A reta final da Premier League apresenta dois cenários: a maturidade do Manchester City e as falhas do Arsenal
A vitória do Manchester City por 3 x 0 sobre o Chelsea, neste domingo (12), em pleno Stamford Bridge representou mais do que um triunfo. O resultado representou a evolução do time de Pep Guardiola em mais uma reta final de Premier League, em comparação ao Arsenal, líder do torneio.
Em busca de retomar o título inglês, o Manchester City apresenta uma modelo de jogo intenso, claro e organizado contra os rivais. A consequência é clara: a equipe está há nove jogos sem perder na Premier League. A vitória deste domingo é a prova de que a identidade está sendo executada com sucesso.
O modelo de jogo executado pelo City nesta fase da competição é o 4-3-3. Com uma dupla de pontas veloz, a equipe pressiona os adversários pelo lado, especialmente no segundo tempo, quando o cansaço é notável.
O próximo confronto do time será contra o líder Arsenal, no domingo (19), no Eithad Stadium. Ao contrário do Manchester City, os Gunners apresenta uma queda de rendimento. Isso porque, conquistaram um ponto dos últimos seis disputados, aumentando o status de decisão deste jogo.
O retorno da temporada 2022/23?
A derrota do Arsenal por 2 x 1 para o Bournemouth, em casa, trouxe de volta um preocupante pergunta que os Gunners não queria saber. Este resultado simbolizaria uma volta da temporada 2022/23?
Naquela edição da Premier League, o Arsenal abriu cinco pontos de diferença para o Manchester City na 32ª rodada, a mesma deste final de semana. Porém, os Citizens tiveram uma arrancada impressionante e conquistar mais um título da competição.
Outro fator frequentemente nas rodadas finais são as estatísticas dos técnicos Pep Guardiola e Mikel Arteta no mês abril. Enquanto o técnico do Manchester City apresenta 79% de aproveitamento, o treinador do Arsenal tem apenas 44%. O mês, fundamental para definir possíveis campeões, é marcado pela produtividade de Guardiola e e a ineficiência de Arteta.

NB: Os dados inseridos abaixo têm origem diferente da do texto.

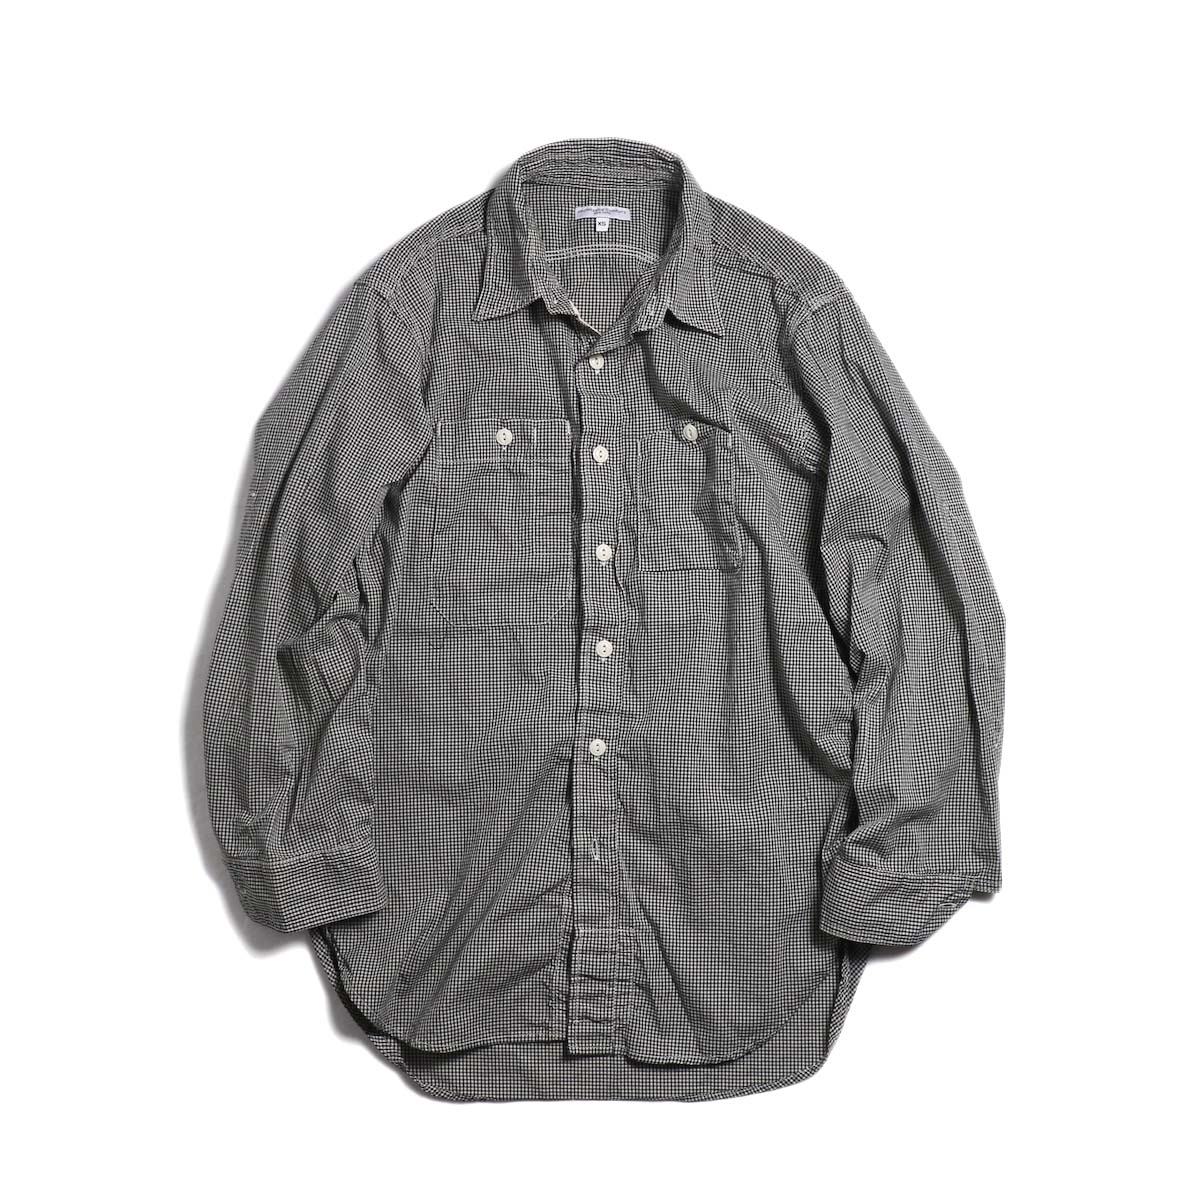 ENGINEERED GARMENTS / Work Shirt -Small Gingham Broadcloth (Dk.Navy)

Contudo, após o jogo contra o City, o Arsenal enfrentará cinco times classificados na segunda página da Premier League. Enquanto, os Citizens jogarão contra Everton e Brentford, clubes que lutaram por vaga em competições europeias.
A mescla do passado com o presente do Manchester City
A constante competitividade no Manchester City sob o comando de Pep Guardiola não surgiu aleatoriamente. Para esta temporada, a equipe não teve medo em se prender ao passado e renovou o elenco.
As chegadas de Donnaruma, Cherki, Guehi e Antoine Semenyo trouxeram vitalidade ao time. Afinal, todos estes titulares possuem idades inferiores a 27 anos. Ao mesmo tempo, relevam também as pressões do Manchester City nos segundos tempos dos jogos.
O alinhamento de jovens atletas com os ídolos dos Citizens, como Bernardo Silva, Haaland e Rodri, deram uma cara mais competitiva, segura e madura. A equipe já conquistou a Copa da Liga Inglesa e busca a tríplice coroa nacional, com a Premier League e a FA Cup.
A competitividade citada faz com que momentos instáveis vividos nesta temporada por Haaland e Rodri não tenham impactado no rendimento atual do City.
Guardiola não importa em ser considerado azarão
Além do pesado investimento, as conquistas recentes elevaram o patamar do Manchester City. Tais feitos fizeram com que a equipe de Pep Guardiola tornasse favorita em diversas competições.
Contudo, o estigma anterior de azarão traz saudade ao treinador. “Éramos os azarões e isso era perfeito. Agora é diferente e essa é uma mentalidade com a qual temos que trabalhar’.
Mesmo com esta nova mentalidade, o Manchester City não tem o costume de se afetar em partidas decisivas, principalmente na Premier League. Em uma declaração recente, o técnico destaca que a mais importante não são os resultados, e sim, a construção de uma reflexão positiva sobre a equipe.